La cour d'appel de Paris rendra sa décision le 15 mai concernant l'ancien ministre du Budget Jérôme Cahuzac, condamné en première instance à trois ans de prison ferme pour fraude fiscale et blanchiment.

"Cahuzac en prison, ce n'est pas une décision de justice", a plaidé mercredi son avocat Eric Dupond-Moretti, proposant même "d'alourdir la peine" en augmentant la partie avec sursis mais de ne pas envoyer "en taule" l'ancien chirurgien, qui fut ministre de mai 2012 à mars 2013, sous la présidence du socialiste François Hollande (2012-2017).

La veille, l'avocat général avait requis la "confirmation" de la condamnation de 2016 à trois ans de prison et cinq ans d'inéligibilité contre l'ancien responsable qui avait menti sur l'existence d'un compte caché à l'étranger.

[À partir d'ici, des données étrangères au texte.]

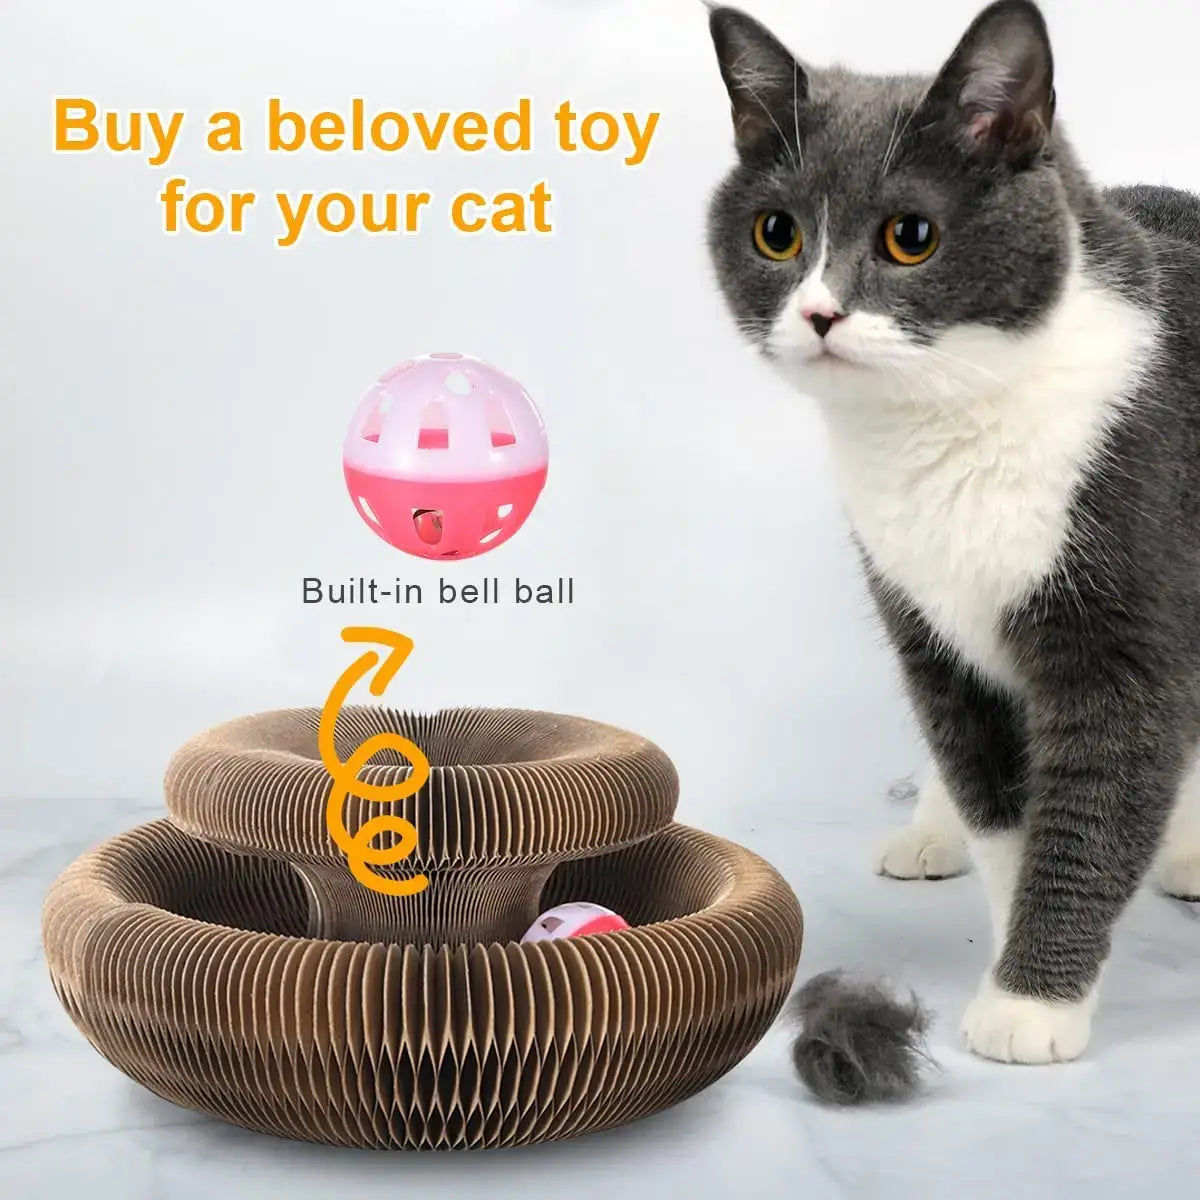 Magic Cat Scratch Board & Toy - Grind Claws & PlayDurable Magic Organ Cat Toy with corrugated scratcher & ball for endless fun. Keeps claws sharp & offers relaxation. Perfect for all cats.£2.9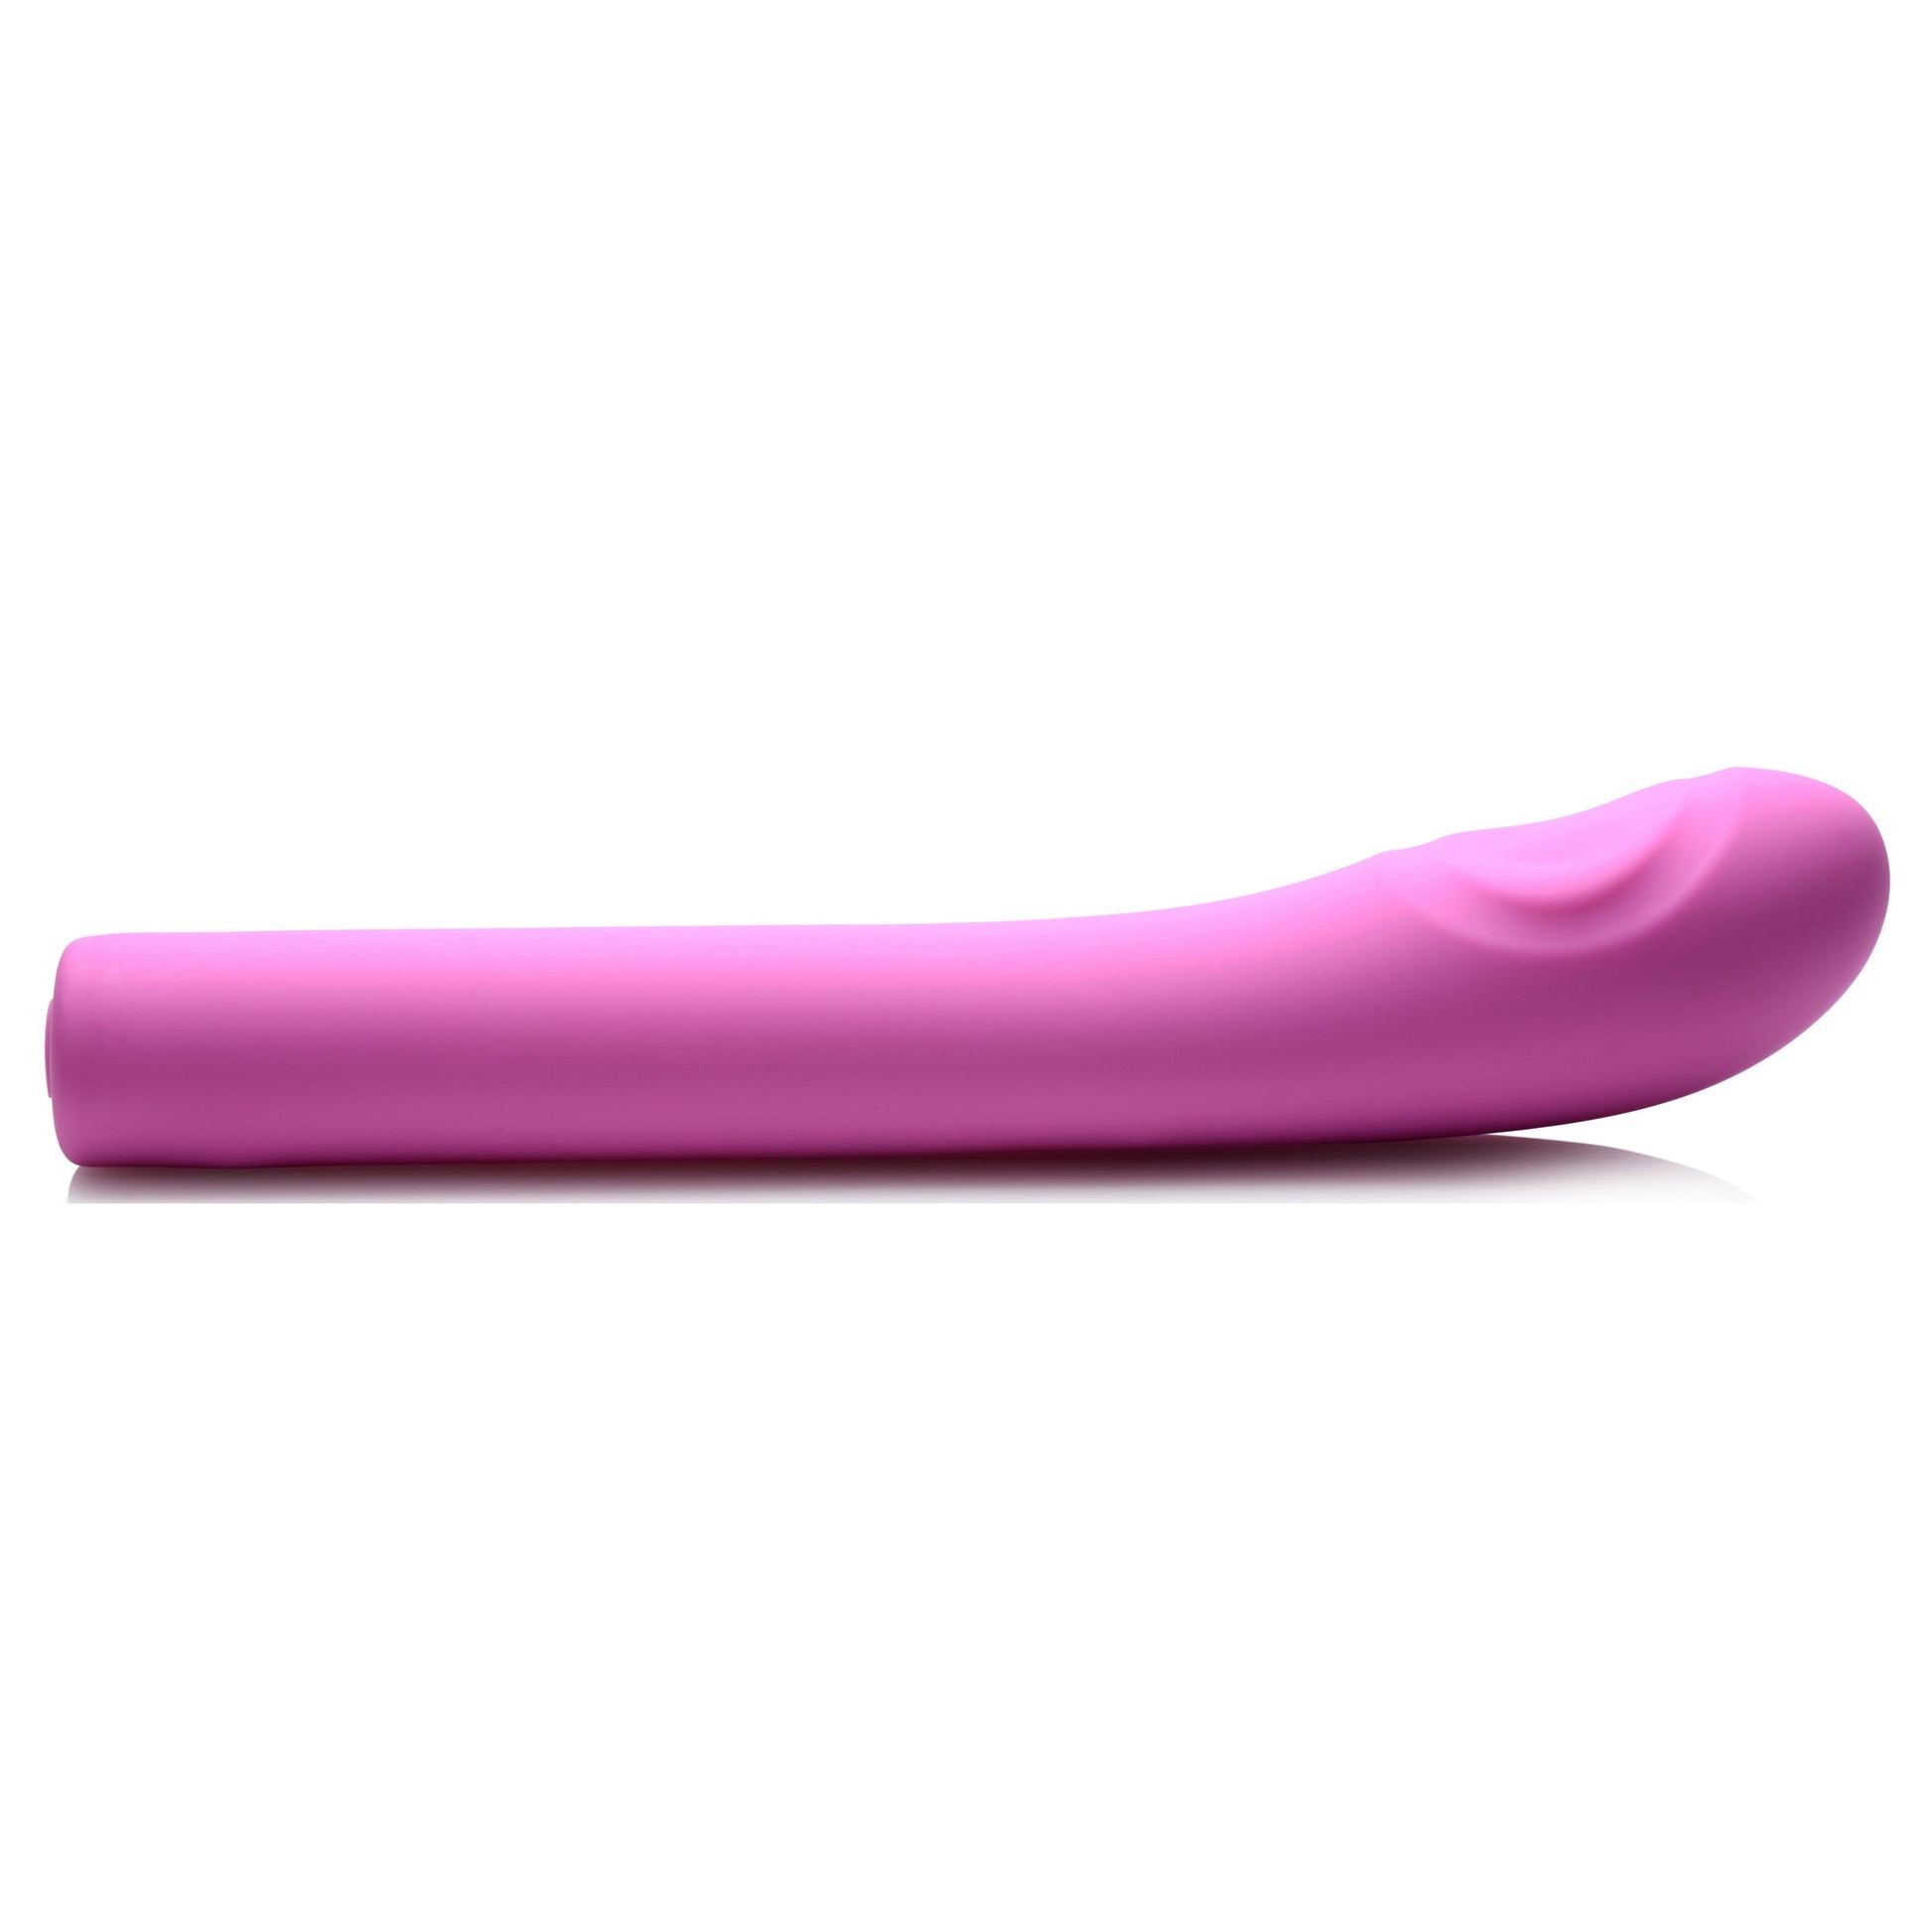 5 Star 9x Pulsing G-Spot Silicone Vibrator - Pink

Cette faute avait "durement rompu l'équilibre social", selon l'accusation, et engendré un scandale qui avait ébranlé le gouvernement et abouti à la création de nouveaux outils contre l'évasion fiscale et la corruption.

"La prison, c'est quand il n'y a aucune autre solution", a martelé l'avocat de Jérôme Cahuzac, demandant aux juges d'appel de se distinguer de la "vindicte" qui cherche à la fois des héros et des boucs-émissaires pour "incarner le mal absolu".

Il a décrit un homme "prisonnier de son mensonge", qui "n'a pas envie que tout s'écroule". Aujourd'hui un homme seul, qui vit reclus en Corse, île méditerranéenne, et qui a dit son "regret".

"Je ne demande pas la lune. Je suggère même d'aggraver la peine, mais je vous supplie de ne pas l'envoyer en prison", a-t-il insisté.

Une confirmation du jugement enverrait Jérôme Cahuzac, 65 ans, derrière les barreaux. Alors qu'une peine égale ou inférieure à deux ans d'emprisonnement ouvrirait la possibilité d'un aménagement de peine.

Pourfendeur de la fraude fiscale lorsqu'il était au gouvernement, Jérôme Cahuzac avait menti pendant des mois à ses proches, aux parlementaires, aux médias, niant les accusations "les yeux dans les yeux", avant d'avouer en avril 2013 l'existence d'un compte dissimulé à l'étranger: 600.000 euros en Suisse, transférés à Singapour en 2009 via des sociétés offshore.